On 2016-01-19 22:43:21 +0100, Andres Freund wrote:
> On 2016-01-19 12:58:38 -0500, Robert Haas wrote:
> > This seems like a problem with the WAL writer quite independent of
> > anything else. It seems likely to be inadvertent fallout from this
> > patch:
> >
> > Author: Simon Riggs <simon(at)2ndQuadrant(dot)com>
> > Branch: master Release: REL9_2_BR [4de82f7d7] 2011-11-13 09:00:57 +0000
> >
> > Wakeup WALWriter as needed for asynchronous commit performance.
> > Previously we waited for wal_writer_delay before flushing WAL. Now
> > we also wake WALWriter as soon as a WAL buffer page has filled.
> > Significant effect observed on performance of asynchronous commits
> > by Robert Haas, attributed to the ability to set hint bits on tuples
> > earlier and so reducing contention caused by clog lookups.
>
> In addition to that the "powersaving" effort also plays a role - without
> the latch we'd not wake up at any meaningful rate at all atm.

The relevant thread is at
http://archives.postgresql.org/message-id/CA%2BTgmoaCr3kDPafK5ygYDA9mF9zhObGp_13q0XwkEWsScw6h%3Dw%40mail.gmail.com
what I didn't remember is that I voiced concern back then about exactly this:
http://archives.postgresql.org/message-id/201112011518.29964.andres%40anarazel.de
;)

Simon: CCed you, as the author of the above commit. Quick summary:
The frequent wakeups of wal writer can lead to significant performance
regressions in workloads that are bigger than shared_buffers, because
the super-frequent fdatasync()s by the wal writer slow down concurrent
writes (bgwriter, checkpointer, individual backend writes)
dramatically. To the point that SIGSTOPing the wal writer gets a pgbench
workload from 2995 to 10887 tps. The reasons fdatasyncs cause a slow
down is that it prevents real use of queuing to the storage devices.

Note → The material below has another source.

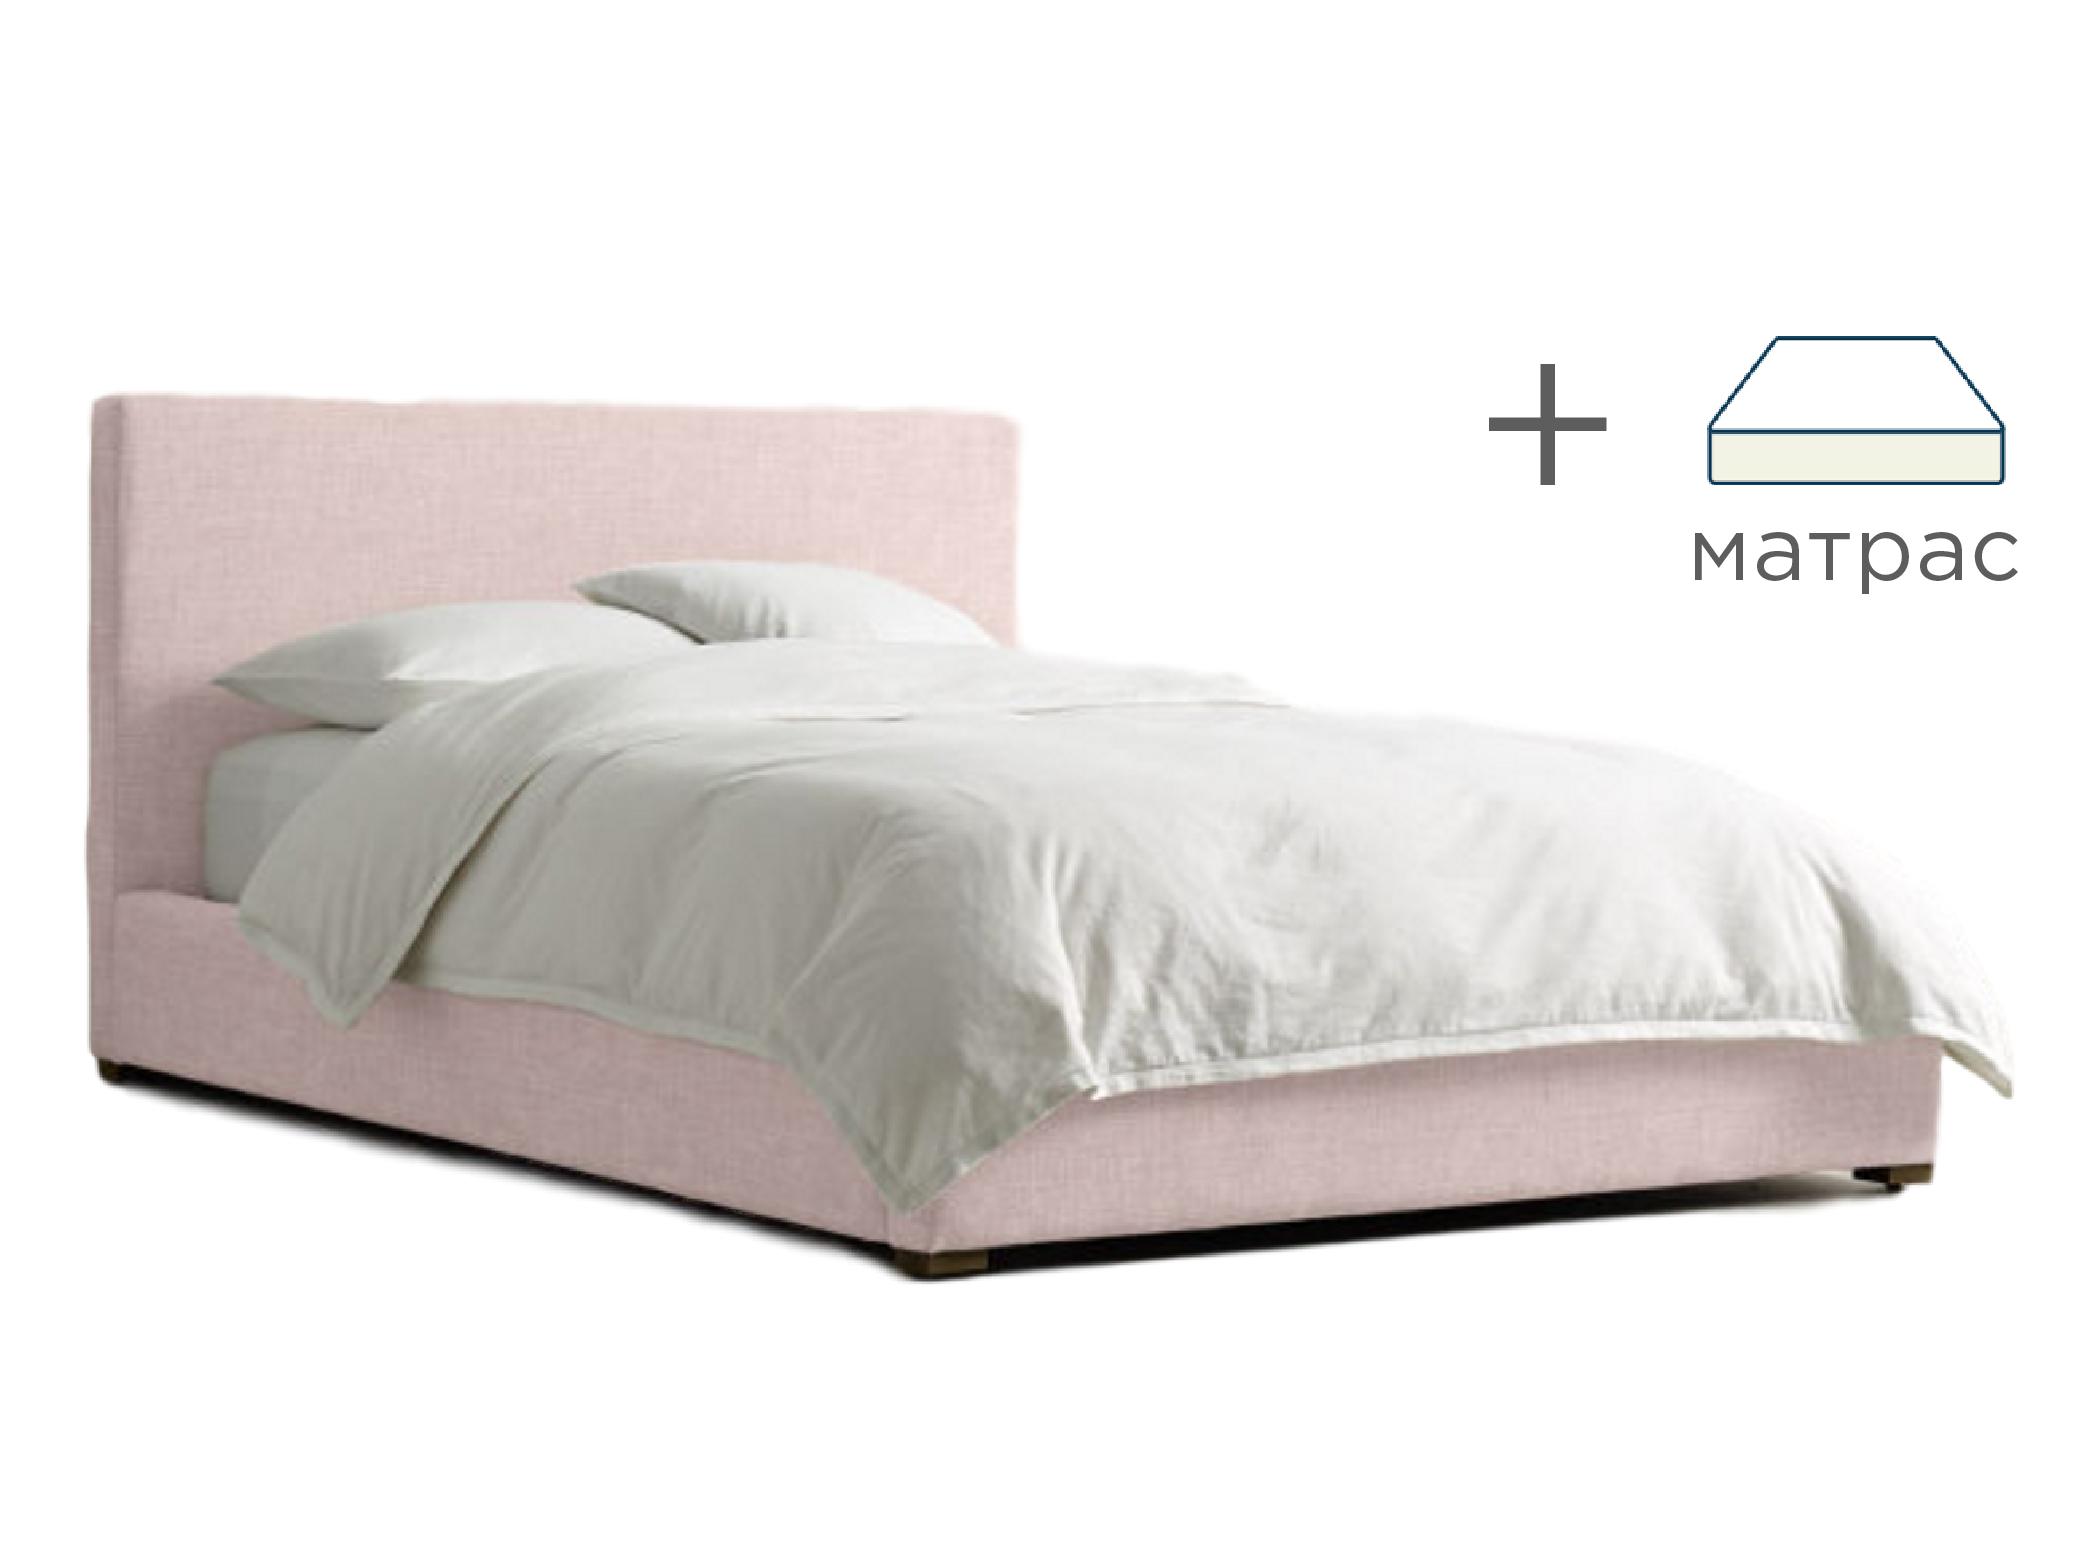 Кровать Beck Platform с матрасомКровати + матрасы<br>&amp;lt;div&amp;gt;Выгодная скидка при покупке комплекта!&amp;lt;/div&amp;gt;&amp;lt;div&amp;gt;Кровать в скандинавском стиле вместе с ортопедическим матрасом &amp;quot;Ascona Terapia Pulse&amp;quot;&amp;lt;/div&amp;gt;&amp;lt;div&amp;gt;&amp;lt;br&amp;gt;&amp;lt;/div&amp;gt;&amp;lt;div&amp;gt;Характеристики кровати:&amp;lt;/div&amp;gt;&amp;lt;div&amp;gt;Размер спального места: 160*200&amp;lt;/div&amp;gt;&amp;lt;div&amp;gt;Материалы: бук, текстиль&amp;amp;nbsp;&amp;lt;/div&amp;gt;&amp;lt;div&amp;gt;Варианты исполнения: более 200 цветов высокой категории&amp;amp;nbsp;&amp;lt;/div&amp;gt;&amp;lt;div&amp;gt;&amp;lt;br&amp;gt;&amp;lt;/div&amp;gt;&amp;lt;div&amp;gt;Характеристики матраса:&amp;lt;/div&amp;gt;&amp;lt;div&amp;gt;100% хлопковый жаккард с антибактериальной пропиткой с ионами Ag+&amp;lt;/div&amp;gt;&amp;lt;div&amp;gt;Блок независимых пружин «Песочные часы Extra»&amp;lt;/div&amp;gt;&amp;lt;div&amp;gt;Короб по периметру из пены Orto Foam®&amp;lt;/div&amp;gt;&amp;lt;div&amp;gt;Жесткость: низкая&amp;lt;/div&amp;gt;<br><br>Material: Текстиль<br>Width см: 210<br>Depth см: 170<br>Height см: 100

On 2016-01-19 22:43:21 +0100, Andres Freund wrote:
> On 2016-01-19 12:58:38 -0500, Robert Haas wrote:
> > If I understand correctly, prior to that commit, WAL writer woke up 5
> > times per second and flushed just that often (unless you changed the
> > default settings). But as the commit message explained, that turned
> > out to suck - you could make performance go up very significantly by
> > radically decreasing wal_writer_delay. This commit basically lets it
> > flush at maximum velocity - as fast as we finish one flush, we can
> > start the next. That must have seemed like a win at the time from the
> > way the commit message was written, but you seem to now be seeing the
> > opposite effect, where performance is suffering because flushes are
> > too frequent rather than too infrequent. I wonder if there's an ideal
> > flush rate and what it is, and how much it depends on what hardware
> > you have got.
>
> I think the problem isn't really that it's flushing too much WAL in
> total, it's that it's flushing WAL in a too granular fashion. I suspect
> we want something where we attempt a minimum number of flushes per
> second (presumably tied to wal_writer_delay) and, once exceeded, a
> minimum number of pages per flush. I think we even could continue to
> write() the data at the same rate as today, we just would need to reduce
> the number of fdatasync()s we issue. And possibly could make the
> eventual fdatasync()s cheaper by hinting the kernel to write them out
> earlier.
>
> Now the question what the minimum number of pages we want to flush for
> (setting wal_writer_delay triggered ones aside) isn't easy to answer. A
> simple model would be to statically tie it to the size of wal_buffers;
> say, don't flush unless at least 10% of XLogBuffers have been written
> since the last flush. More complex approaches would be to measure the
> continuous WAL writeout rate.
>
> By tying it to both a minimum rate under activity (ensuring things go to
> disk fast) and a minimum number of pages to sync (ensuring a reasonable
> number of cache flush operations) we should be able to mostly accomodate
> the different types of workloads. I think.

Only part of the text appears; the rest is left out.